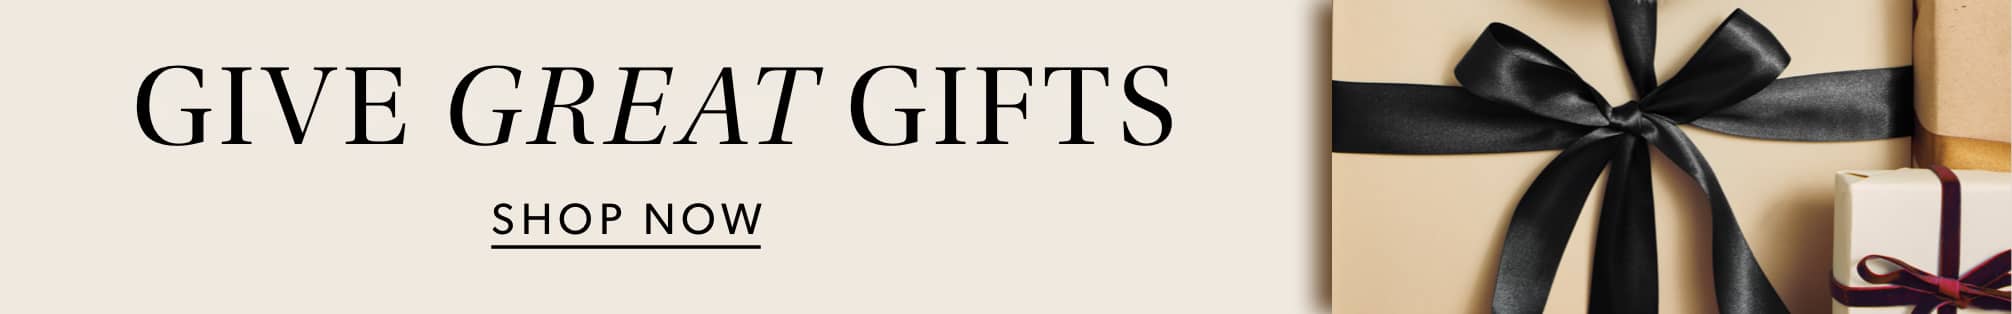 Give Great Gifts - Shop Now
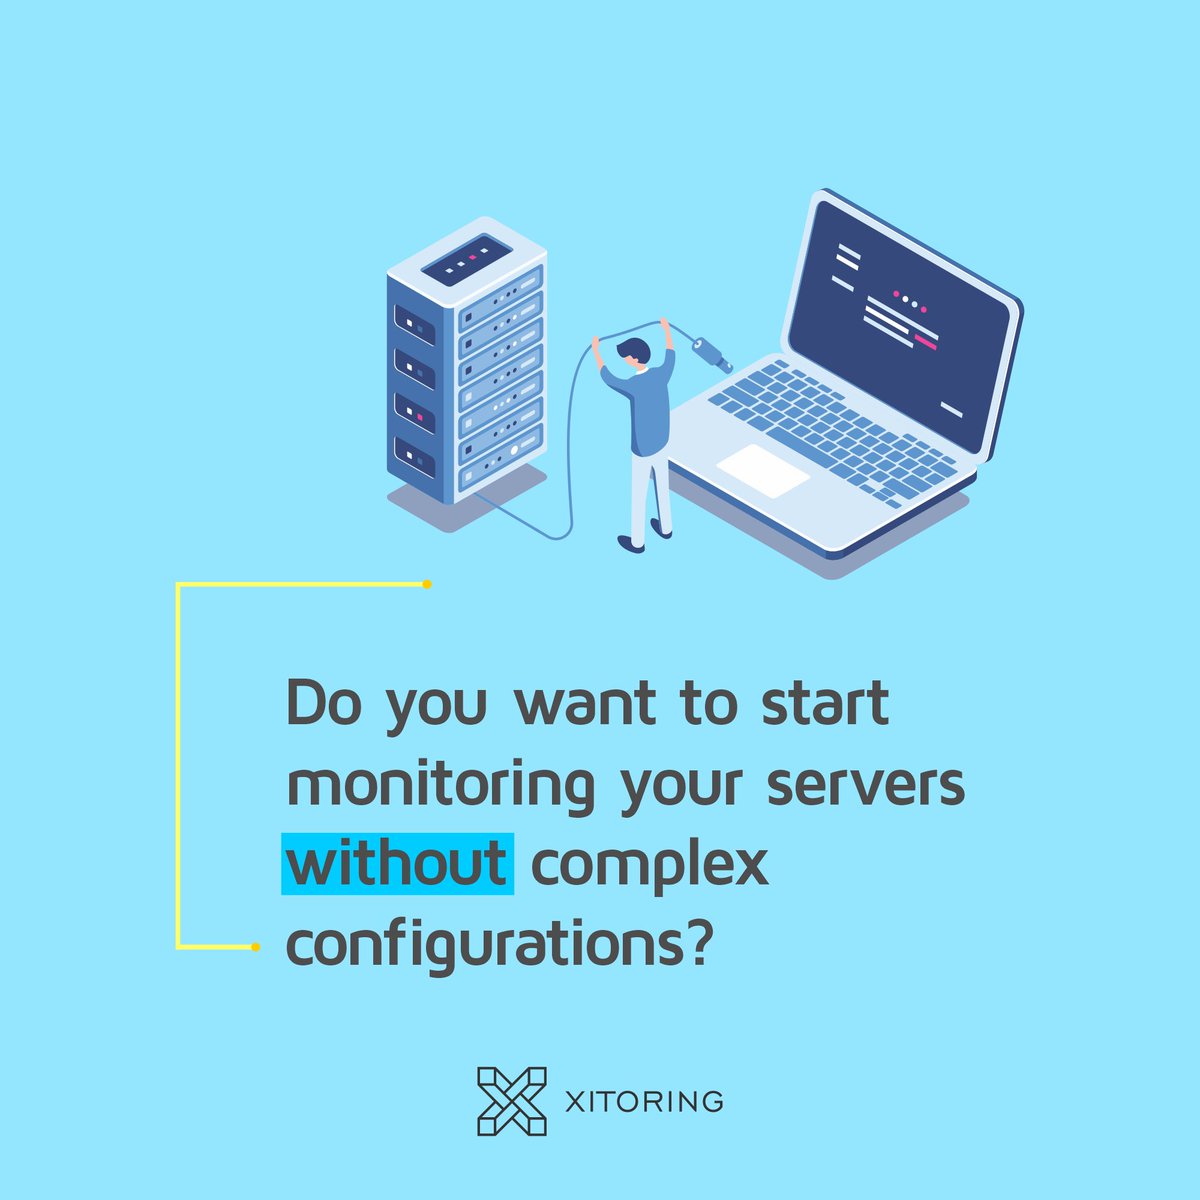 Do you want to start monitoring your servers without complex configurations?

#serverproblems #serverlifeproblems #servermonitoring #linux #servermonitor #serverconfiguration #sysadmin

The task:
The expected answer consists solely of the lines from the one with "Do you want" through the last line of the listing above, restated exactly, minus any pictures.

Answer box:
 Do you want to start monitoring your servers without complex configurations?

#serverproblems #serverlifeproblems #servermonitoring #linux #servermonitor #serverconfiguration #sysadmin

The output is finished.